■ Exercise data
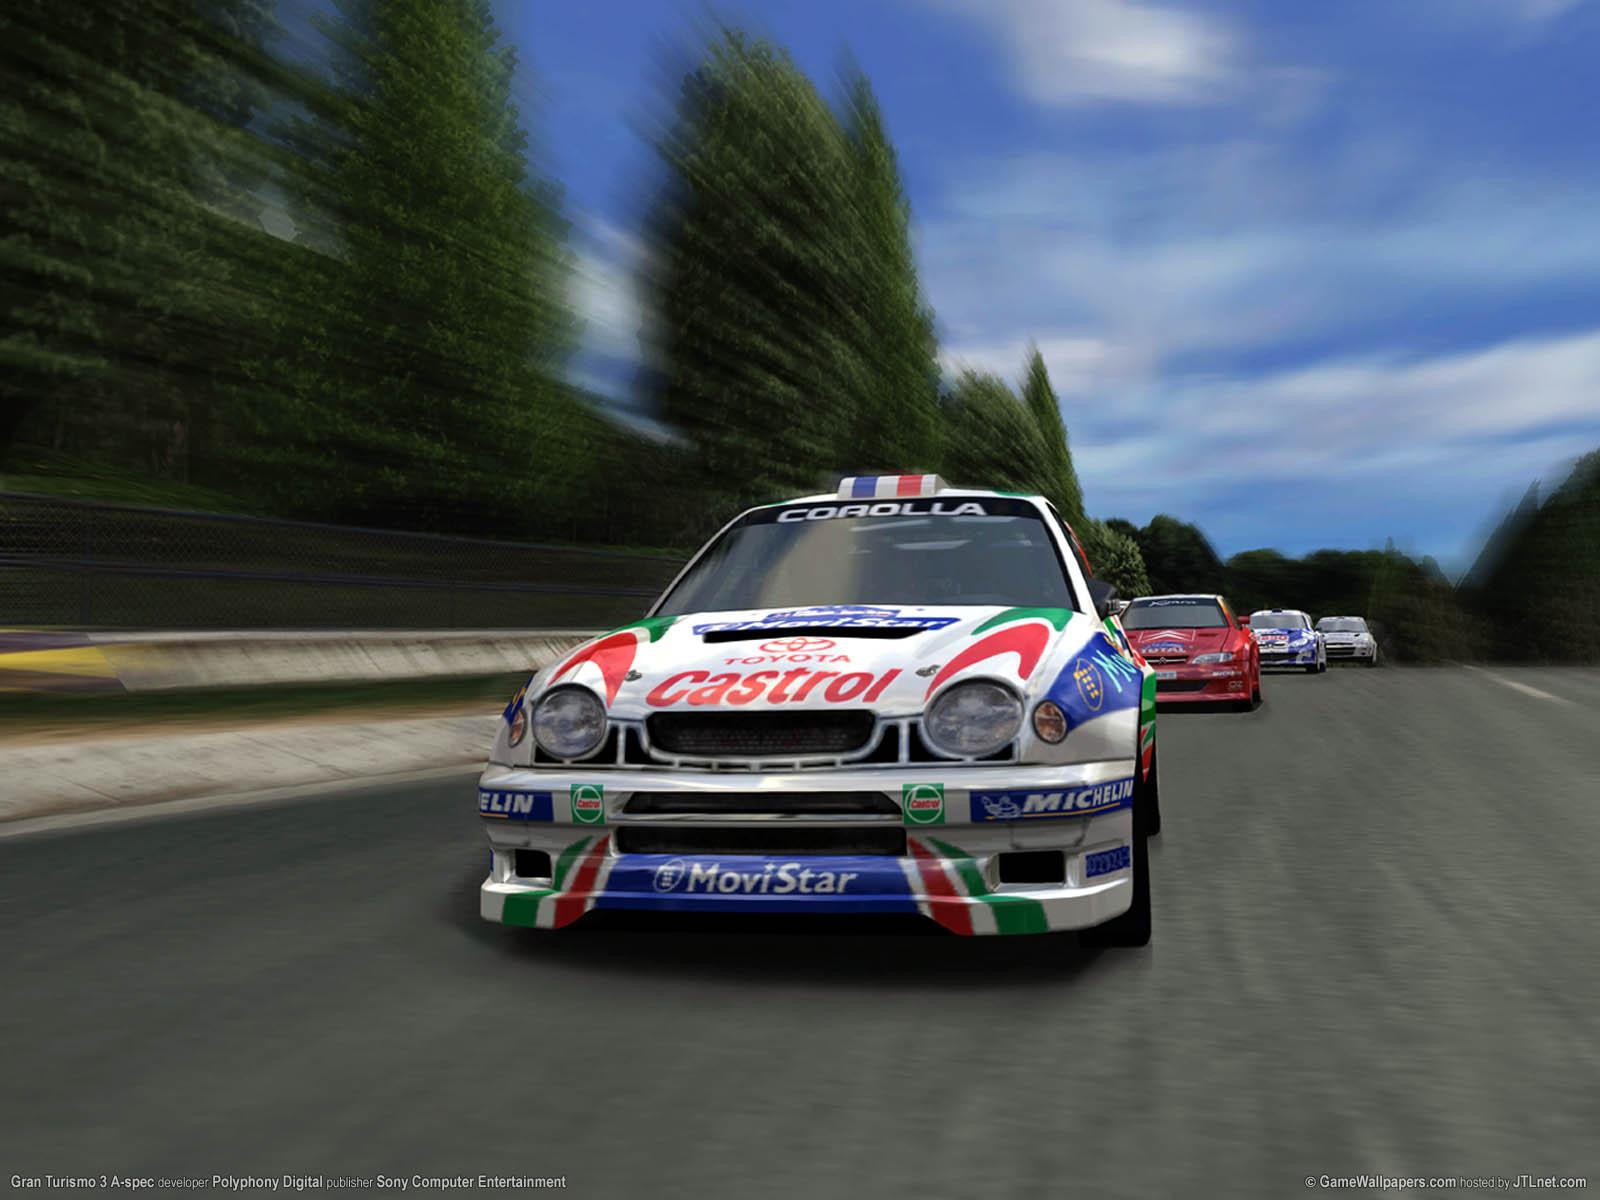 Gran Turismo 3 A-spec Hintergrundbild 06 1600x1200
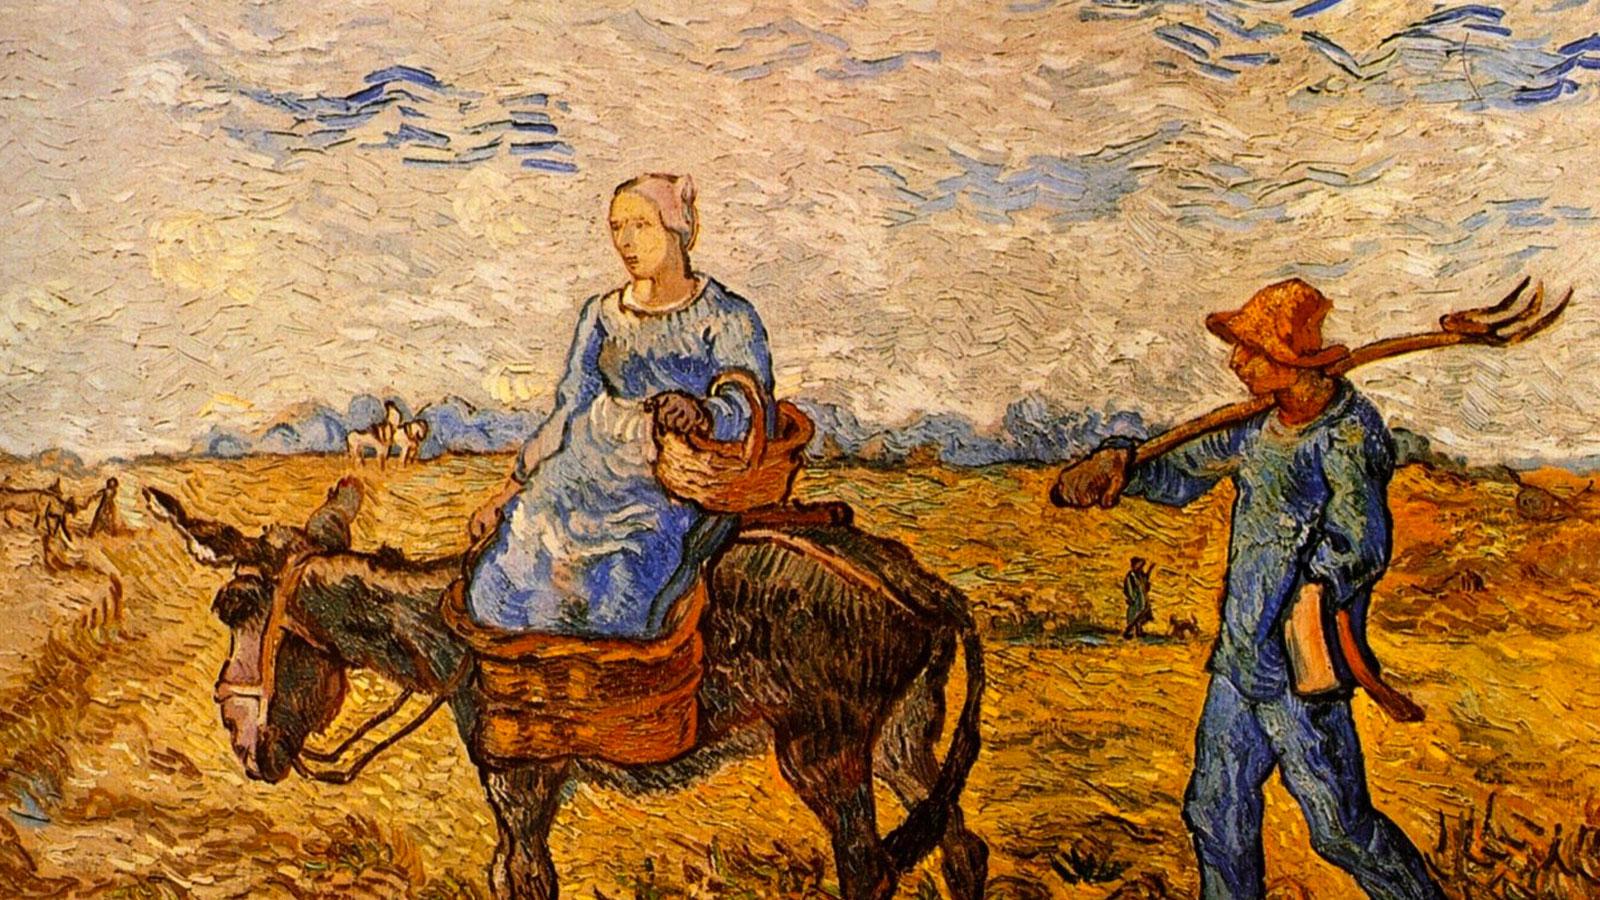 Vincent Van Gogh, Çalışmaya giden köylü çift tablosu, 1890
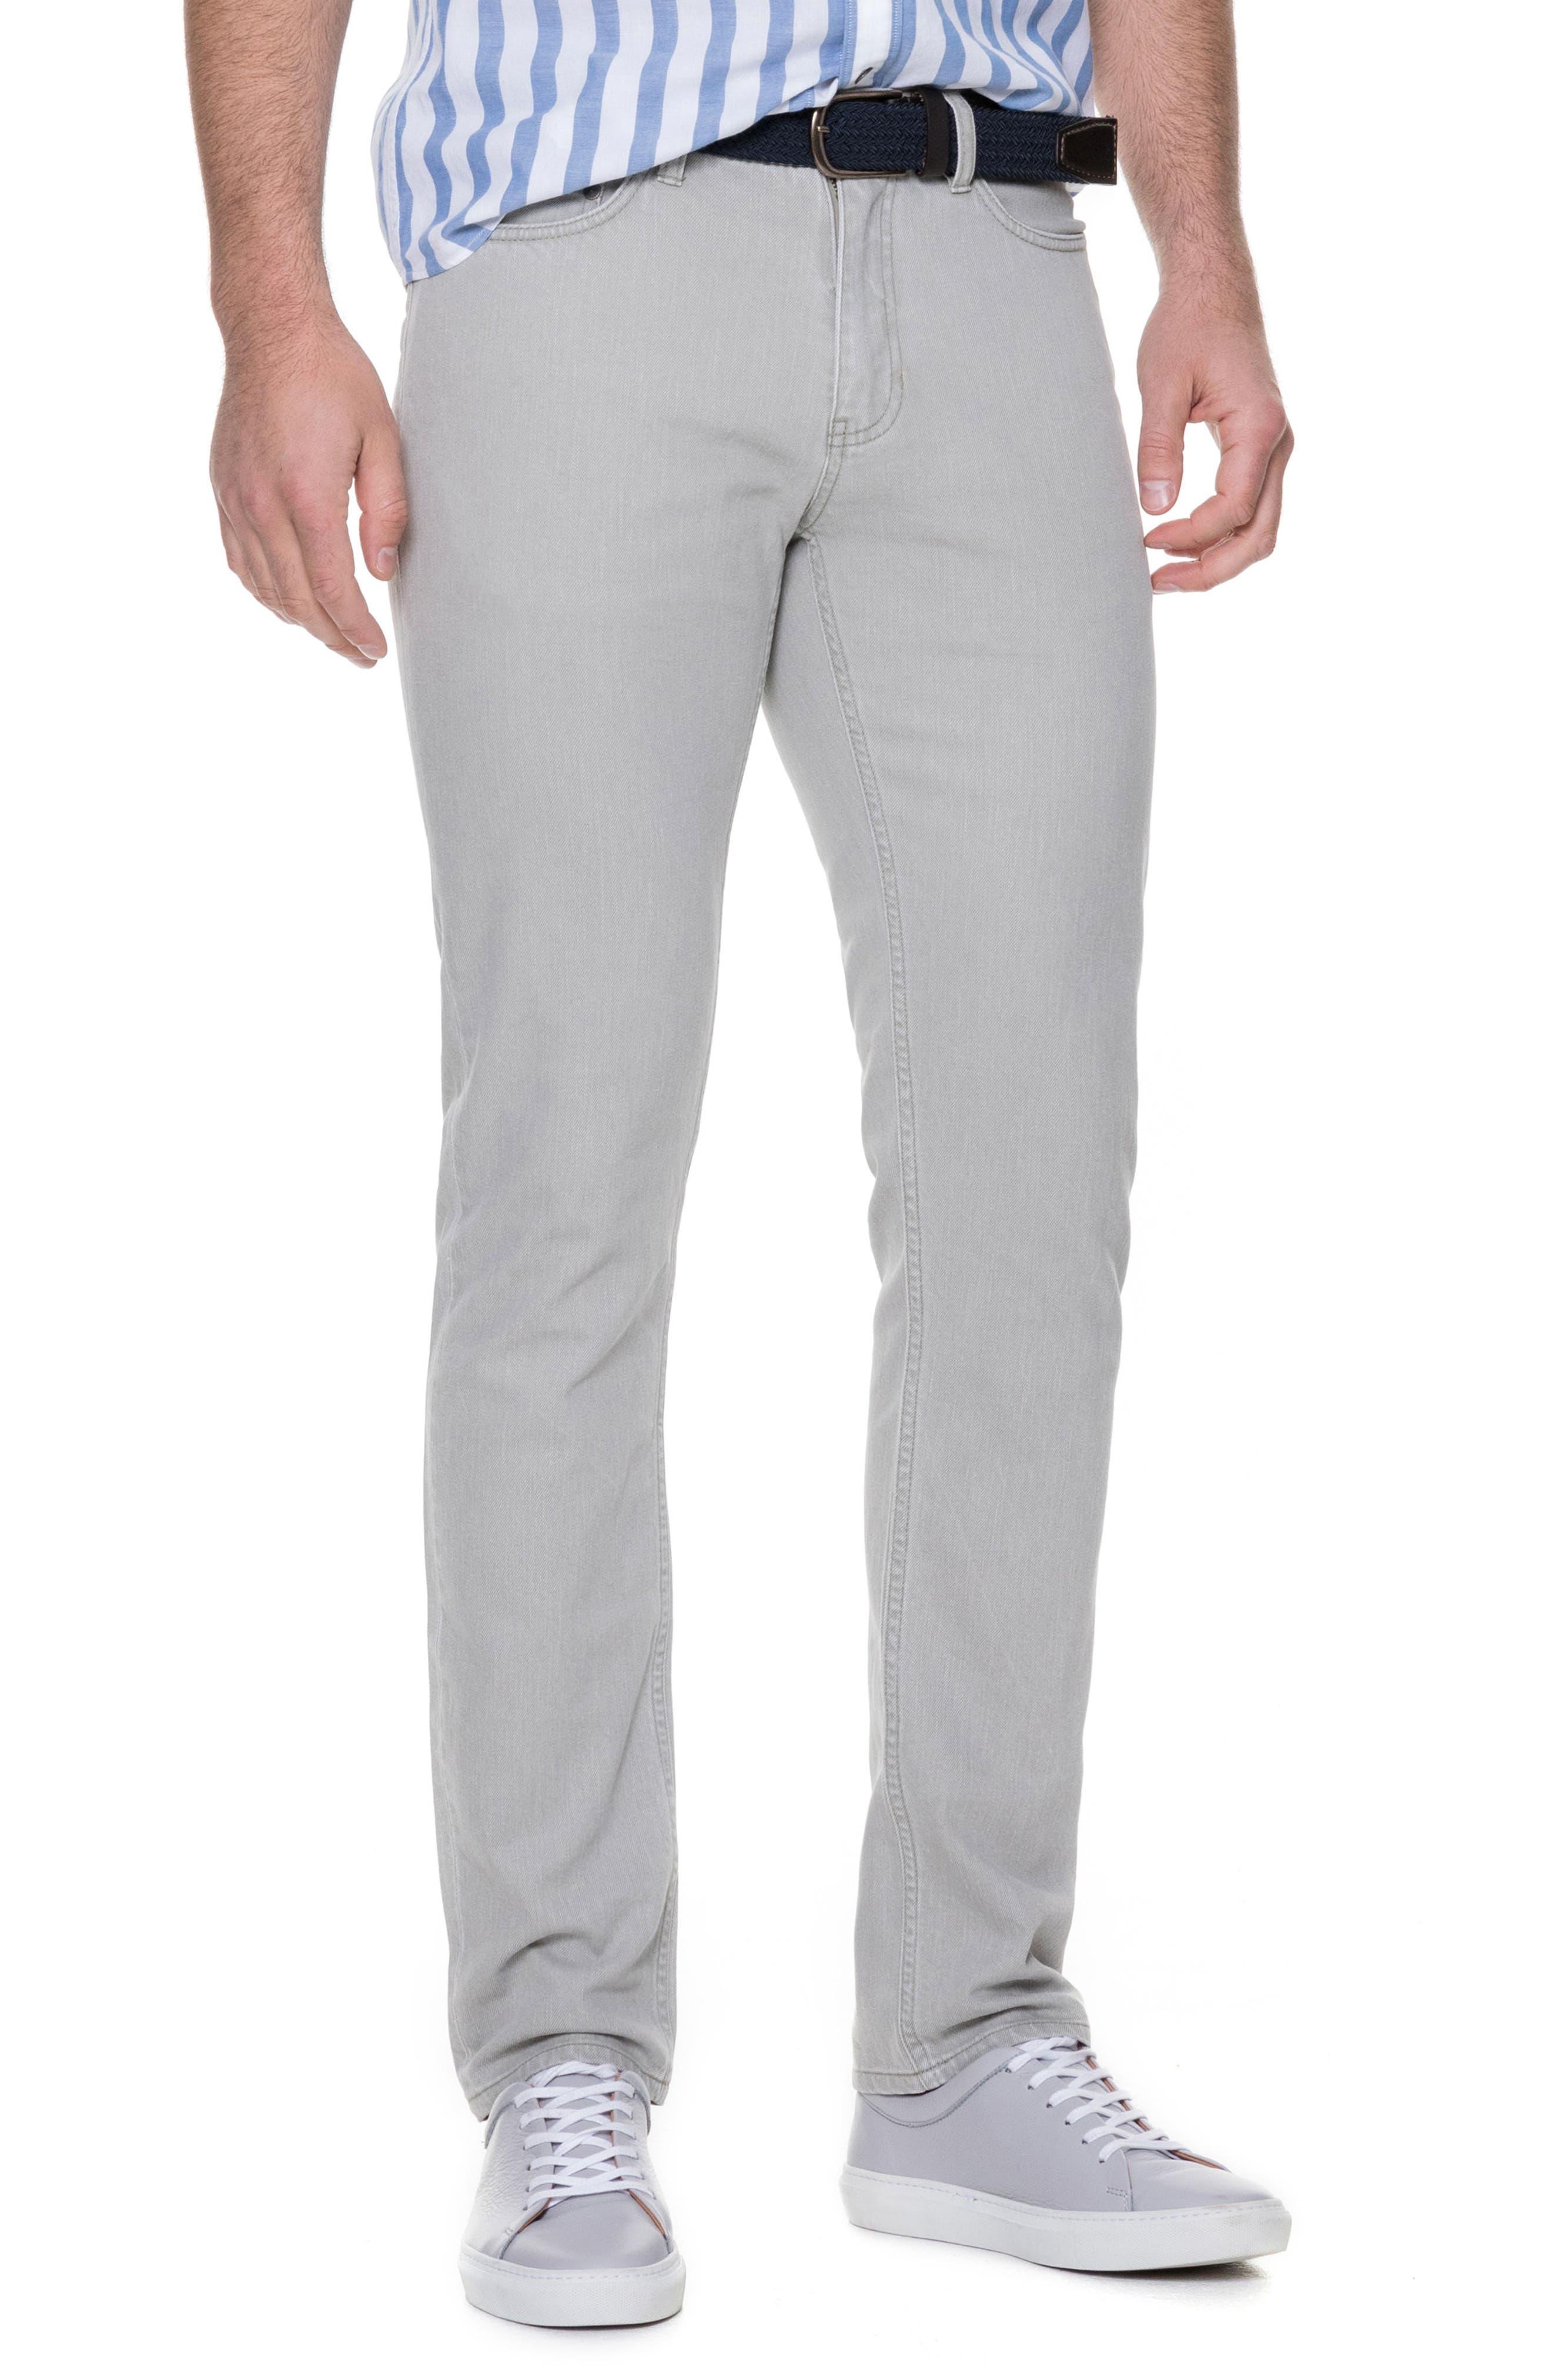 Tolson Straight Leg Jeans,                         Main,                         color, 249

■ What is required
Transcribe the listing in full and omit the pictures.

■ Result
 Gran Turismo 3 A-spec Hintergrundbild 06 1600x1200
 Vincent Van Gogh, Çalışmaya giden köylü çift tablosu, 1890
 Tolson Straight Leg Jeans,                         Main,                         color, 249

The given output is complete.